Hoping to escape attention, I ran my duster over the wainscoting.

“Yes,” said Mr. Goodall. “I had a bull to see in Hawick. How is she?” His voice, like Mr. Waugh's, was effortlessly loud. It was easy to imagine him calling out prices to crowds of men.

Miss Bryant raised her voice to match. “Your daughter has never been a hypochondriac, but for the last week she's been so breathless she can't get out of bed. Matron and Dr. White both think she'd be better off in hospital.”

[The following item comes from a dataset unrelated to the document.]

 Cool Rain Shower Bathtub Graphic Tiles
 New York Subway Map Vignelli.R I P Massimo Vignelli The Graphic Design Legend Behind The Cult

“I don't hold with hospitals.”

Their footsteps moved across the hall, and whatever came next was inaudible. When I risked a glance over my shoulder, I saw that there had been another witness to the conversation. Ross had followed Miss Bryant into the hall and stood by the standard lamp, watching me. I moved on to the next stretch of wainscoting. Don't speak, I shouted in my head. Don't say a word. I dusted, I polished, I straightened the magazines on the table by the armchairs. At last she walked away. Only then did I feel free to send my message: Miriam, I'll come tonight. I promise.

I
n bed while I waited for everyone to fall asleep, I had the awful thought that Miriam's grey, smelly father had already taken her away. But, however faulty my message-sending, I was convinced I would know if she were gone. She was still here, but tomorrow, unless she improved dramatically, she would be sent to the hospital. Around me girls snored and sighed. Findlayson got up to use the bathroom; so did Drummond. I tried to decide if it was better to leave during one of the surges of noise that periodically passed through the room or while all was still. Suddenly I sensed someone beside my bed. I opened my eyes, ready to scream. In the gloom I made out a young man wearing a white shirt and dark trousers.

“Miriam needs you,” he said. “Go to her now.”